While war is likely to break out in Ukraine at any moment, the presidents of the United States and Russia are due to talk on Saturday, February 12.
The White House said Russian President Vladimir Putin had called for the talks to take place on Monday, but the US president called for the talks to be held soon.
Meanwhile, US foreign minister Anthony Blanken, who is in Fiji, said he hoped Vladimir Putin would pursue a diplomatic path, but that Washington would impose tougher sanctions on Moscow if it attacked Ukraine.
Mr Blanken said: “I am convinced that he will not resort to renewed violence but through diplomacy and dialogue.”
Russia has deployed more than 100,000 troops along its border with Ukraine, and the West believes it is part of a plan to take military action against Ukraine.
Russia says it has no plans to invade Ukraine, but has called on NATO to suspend its membership in the alliance and to urge the United States not to establish military bases in the former Soviet Union.

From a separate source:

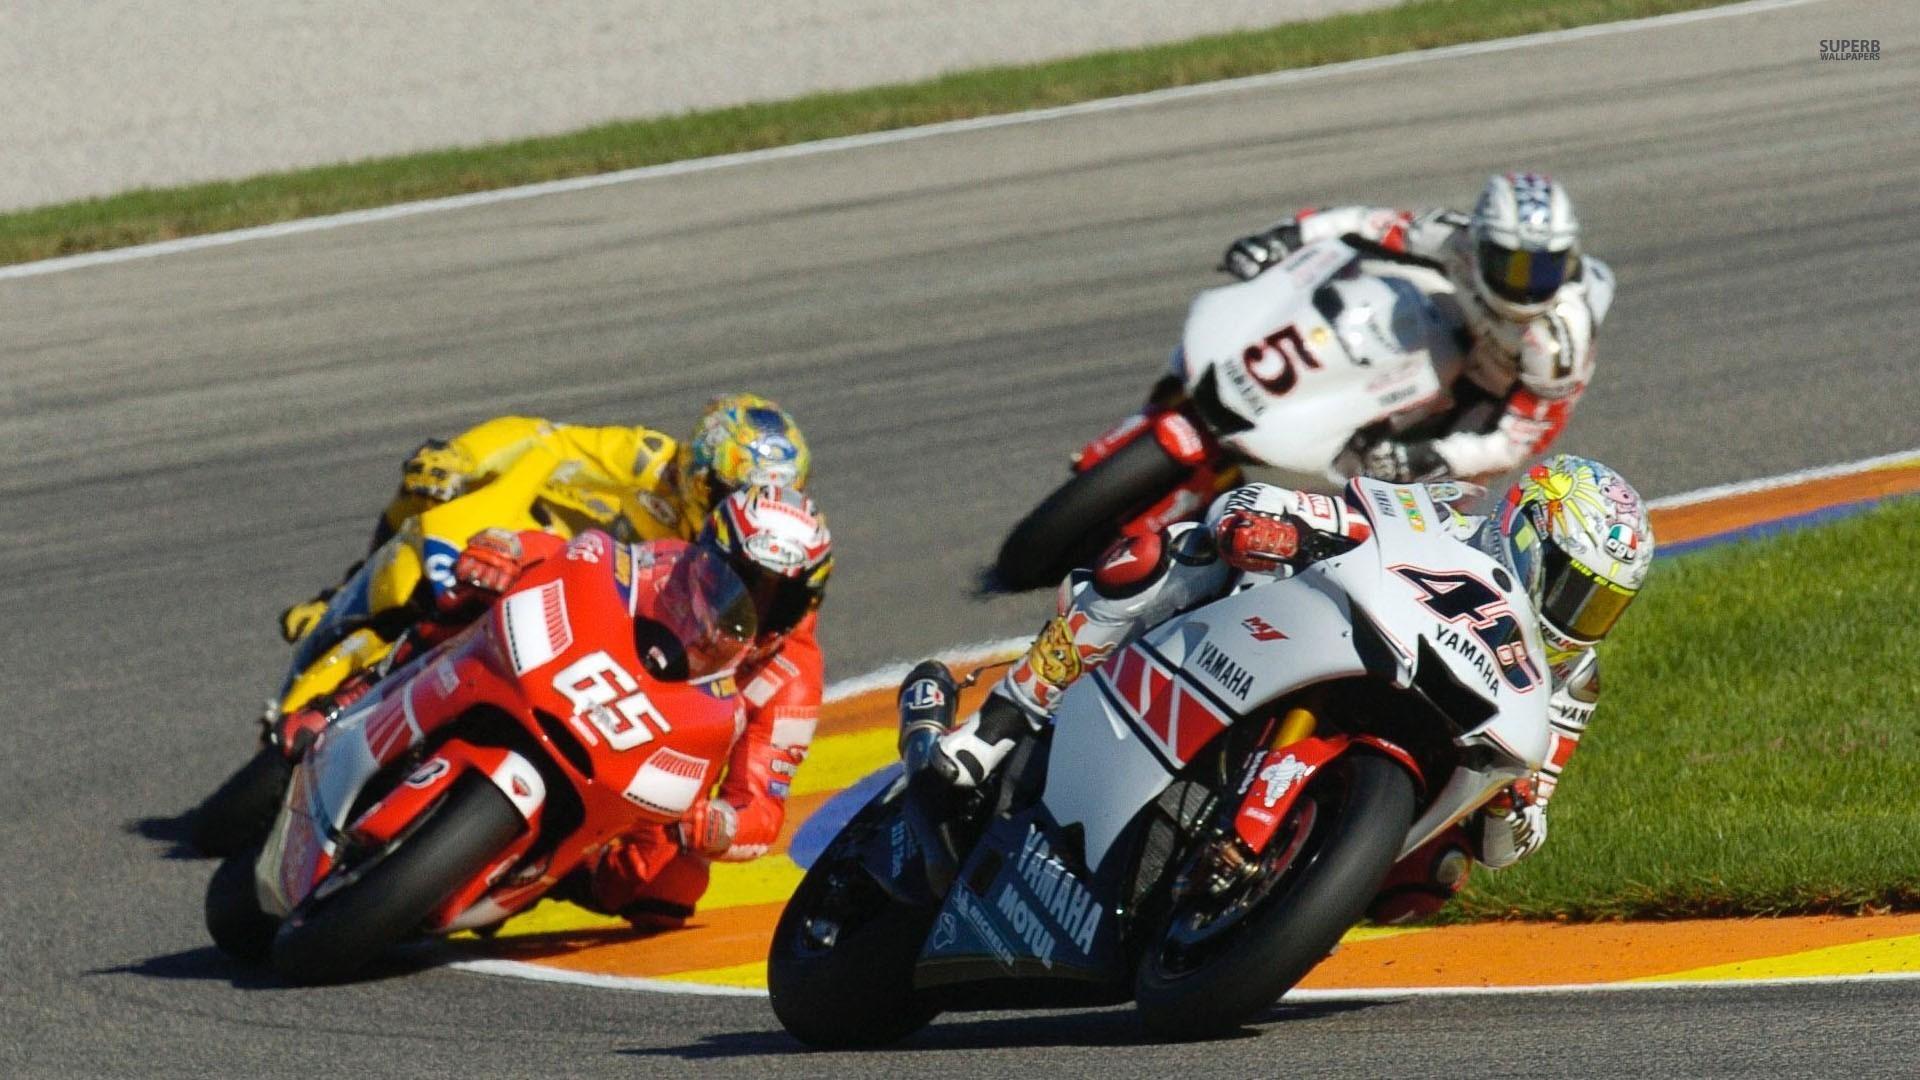 MotoGP wallpaper - Motorcycle wallpapers

The United States and NATO have formally rejected the offer.
US President Joe Biden, who will be speaking by telephone from Camp David to Mr Putin, has long believed that one-on-one talks with Mr Putin might be the best chance for a solution.
The two rounds of talks between Biden and Vladimir Putin in December did not yield any major results, but instead paved the way for talks between their advisers.
Thursday’s quadripartite talks between Russia, Ukraine, Germany and France in the German capital, Berlin, made no progress. According to Russia’s Tass news agency, Putin also wants to hold a telephone conversation with French President Emmanuel Macron on Saturday, February 12.
As the Ukraine crisis continues to escalate, the State Department is expelling unnecessary staff from its embassy in Kiev. Mr Biden called on Americans to leave Ukraine in a television interview yesterday.
A number of Western countries, including Britain and Germany, have called on their citizens to leave Ukraine. Australia and New Zealand also told their compatriots on Saturday to leave Ukraine.
Ukrainian officials have dismissed the US president’s warning as “irrelevant” and have tried to quell tensions among their own people. Ukrainian Foreign Minister Dmitry Koliba called Biden’s remarks a repetition of previous State Department warnings.
In other news, Poland’s defense minister said on February 11 that the United States would send 3000 more troops to Poland. The United States has decided to send troops to Poland and Romania to support NATO in Eastern Europe.